Młoda poezja w Ostrołęce, Dionizje - 2014

Jerzy Beniamin Zimny

Młoda poezja w Ostrołęce, Dionizje - 2014

Młoda poezja ma się dobrze. Dowodem na to jest pokłosie kolejnej edycji Konkursu Literackiego im Dionizego Maliszewskiego w Ostrołęce. Blisko połowa autorów, którzy nadesłali swoje wiersze zaprezentowało bardzo wysoki poziom literacki. Każdy z wyróżnionych zasługuje na miano zwycięzcy? Wybór był bardzo trudny, dlatego należy pogratulować wszystkim bez wyjątku uczestnikom ostrołęckich zmagań lirycznych. Dobrze się stało, że organizatorzy nagradzają tak liczne grono poetów, dzięki temu wielu autorów prezentujących wysoki poziom artystyczny nie zostało pominiętych, a jurorzy mieli komfortową sytuację przy ocenie tekstów, bowiem w tej edycji pojawiło się wiele nazwisk dobrze znanych czytelnikom i znawcom poezji polskiej.

Co się okazało po otwarciu kopert opatrzonych godłami? Wśród laureatów znaleźli się poeci przed debiutem, autorzy jednej lub więcej książek, laureaci znaczących nagród literackich, takich jak Silelius przyznawany we Wrocławiu za najlepszy debiut poetycki w kraju, nagroda im Kazimiery Iłłakowiczówny w Poznaniu, a także wiele innych konkursów odbywanych na terenie Polski.
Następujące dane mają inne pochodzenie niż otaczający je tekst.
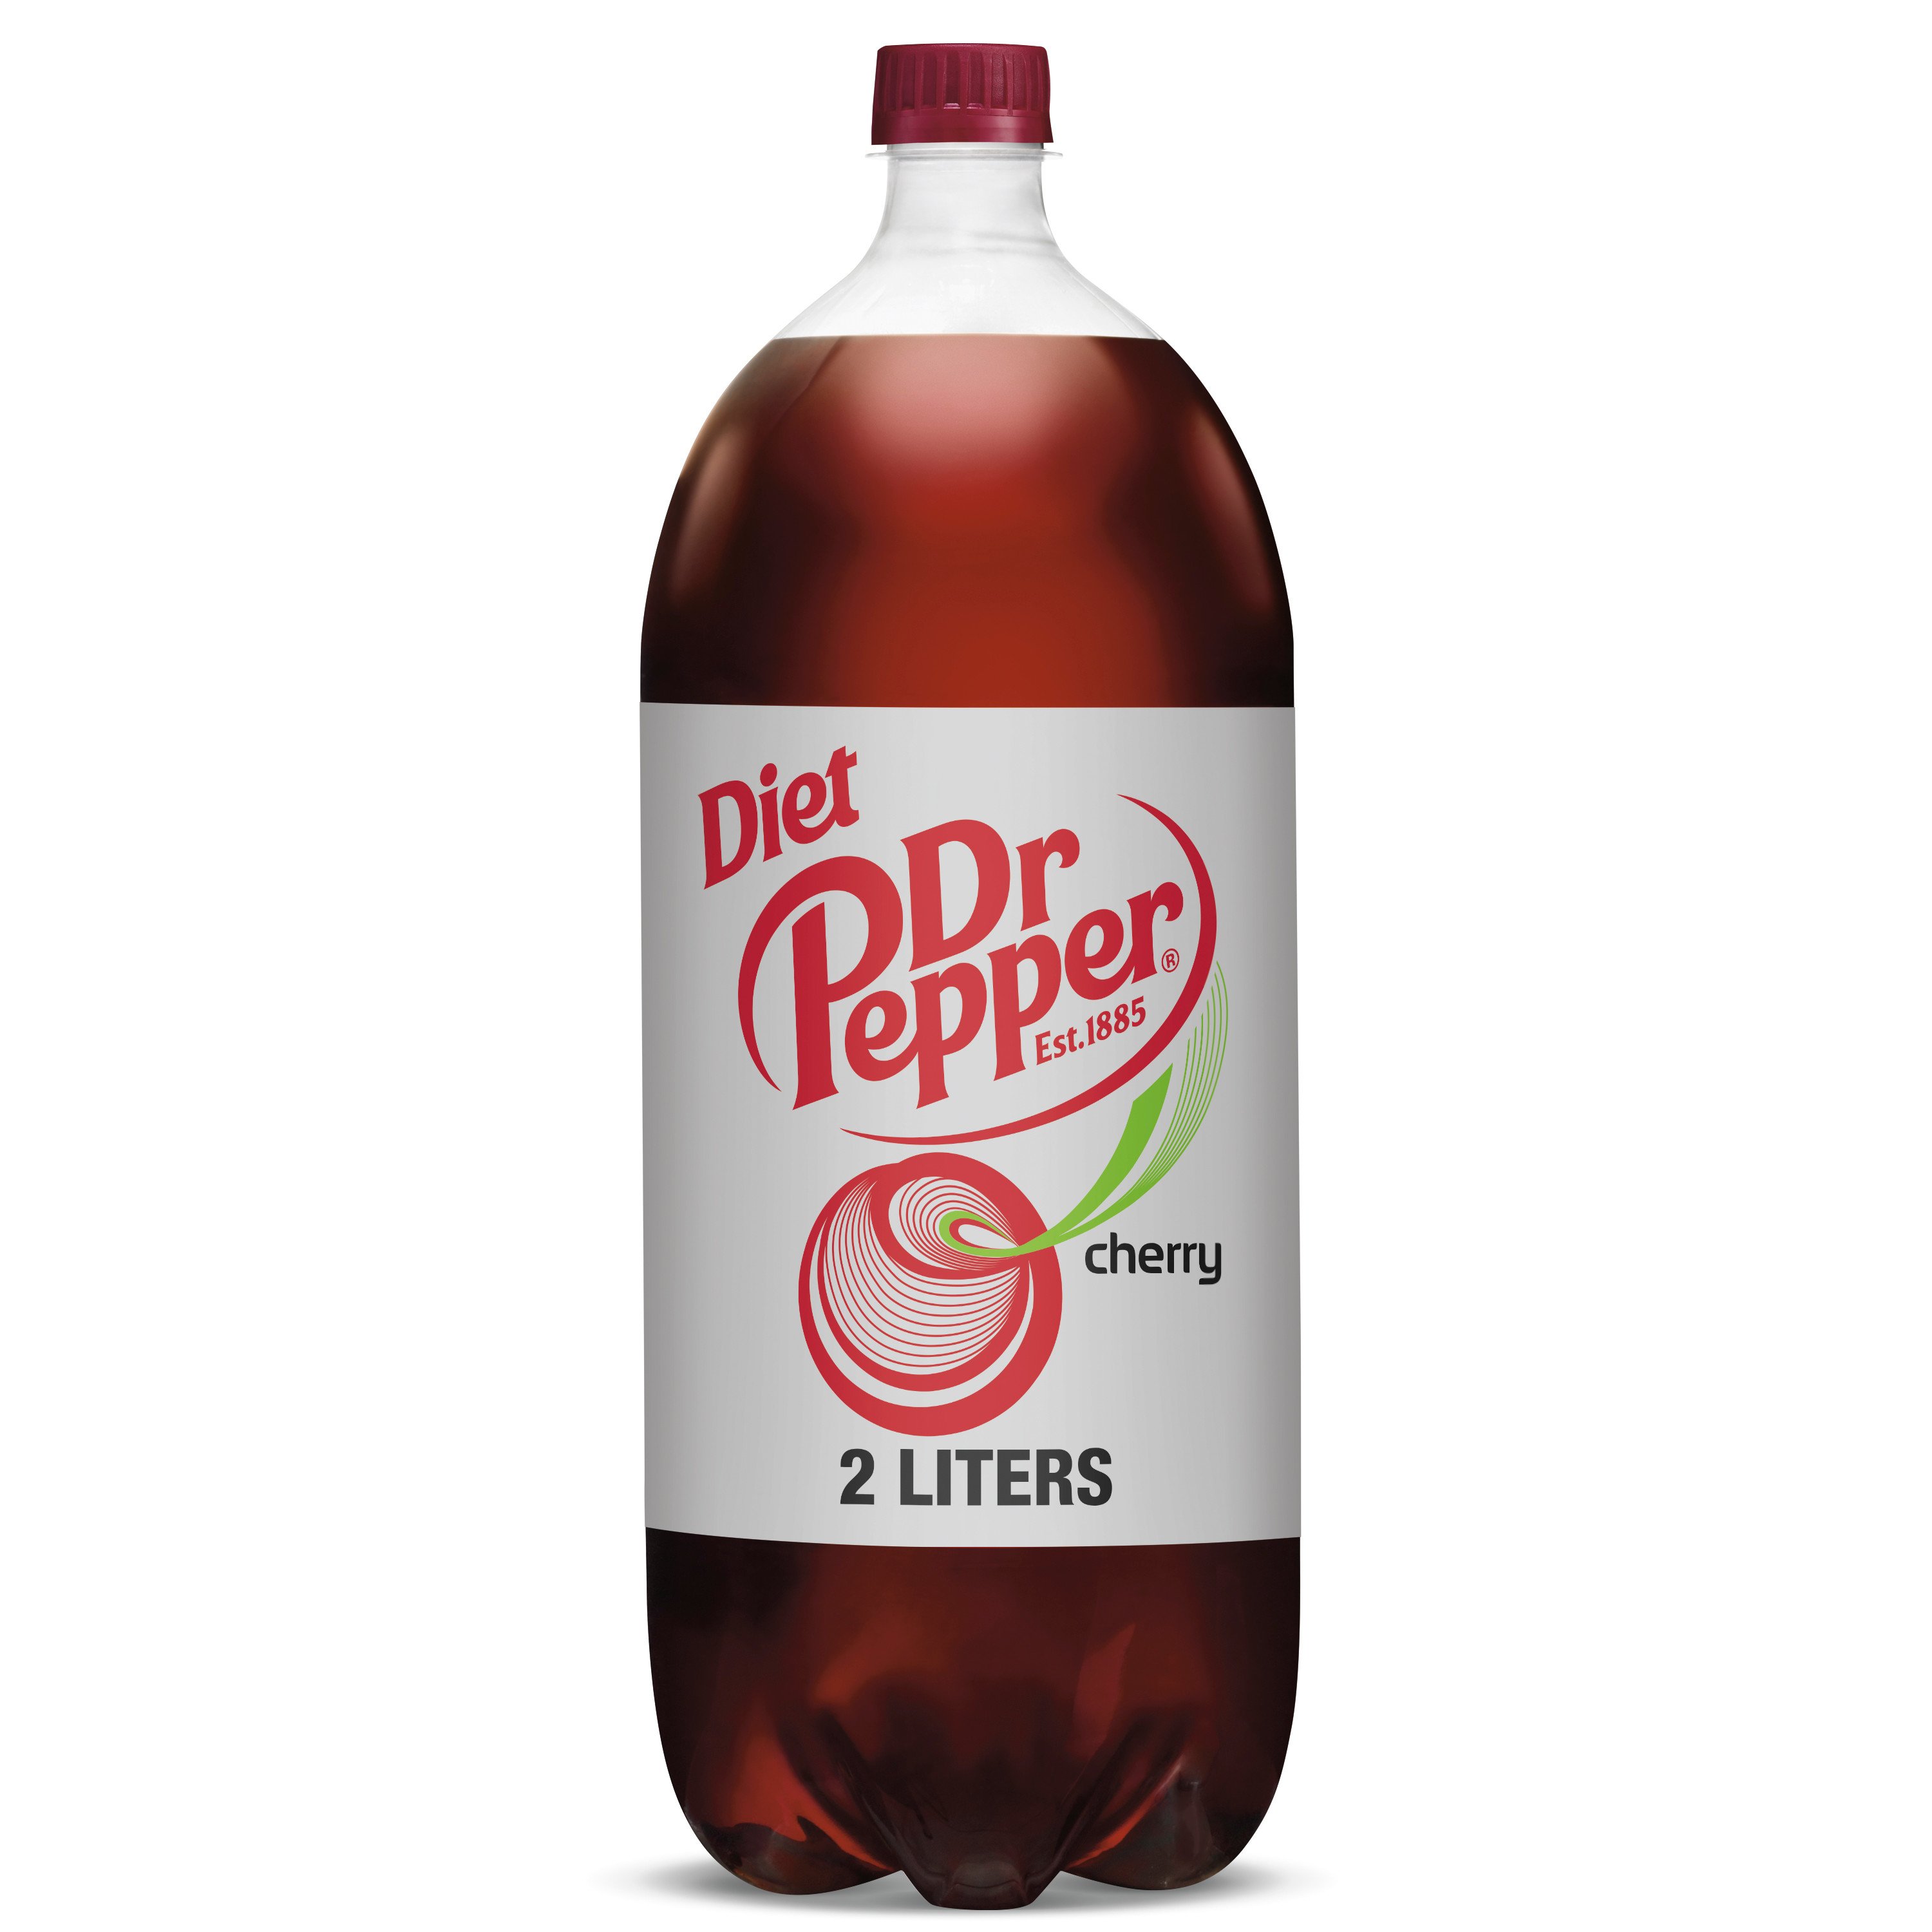 Soda cherry neko. Доктор Пеппер черри. Diet Dr Pepper Cherry. Cherry Soda.

W tym względzie tegoroczna edycja konkursu im Dionizego Maliszewskiego przejdzie do historii z bardzo bogatym plonem znakomitych wierszy, które zostały pomieszczone w niniejszym almanachu.

Oliwia Betcher poetka, tłumaczka z Wrocławia, wyłowiona podczas projektu Połów 2012, ma dopiero 23 lata a już posiada spore osiągnięcia, pisze własną poezję, pisze dojrzale, zaskakuje spostrzegawczością i nowatorskim, odrębnym wyrazem otaczającej ją rzeczywistości. Kolejna z laureatek Milena Rytelewska może poszczycić się zwycięstwami w wielu konkursach poetyckich, wygrała m. in. Konkurs im Jana Śpiewaka, oraz konkurs O liść Dębu w Płocku, od wielu lat z powodzeniem uczestniczy w konkursach, wiersze, jakie nadesłała znalazły się w gronie nominowanych do nagrody głównej. Była też laureatką ubiegłorocznego konkursu w Ostrołęce. Ewa Frączek z Lublina ma w dorobku dwie książki poetyckie, absolwentka UMCS na kierunku filozofii, uprawia także esej oraz publicystykę, bardzo ciekawa osobowość literacka, jej wiersze na długo zapadają w pamięci, jest autorką bardzo ciekawych esejów związanych z problemami współczesnej poezji polskiej. Radosław Sobotka, Ostrołęczanin przed debiutem, ale z niemałym dorobkiem, absolwent Uniwersytetu w Toruniu, poeta mocno związany z Ziemią Kurpiowską, czego daje wyraz w swojej twórczości, poeta sprawnie łączący stylistykę prozy poetyckiej z klasyczną liryką, oscylujący w kierunku kultury regionu, a także korzystający z wiedzy historycznej i filozoficznej, jestem zdania, że jego debiut zostanie zauważony, a aktywny udział w redagowaniu znaczącego w kraju kwartalnika Inter zaowocuje esejami, ciekawą proza i recenzjami, do czego jak najbardziej jest predysponowany.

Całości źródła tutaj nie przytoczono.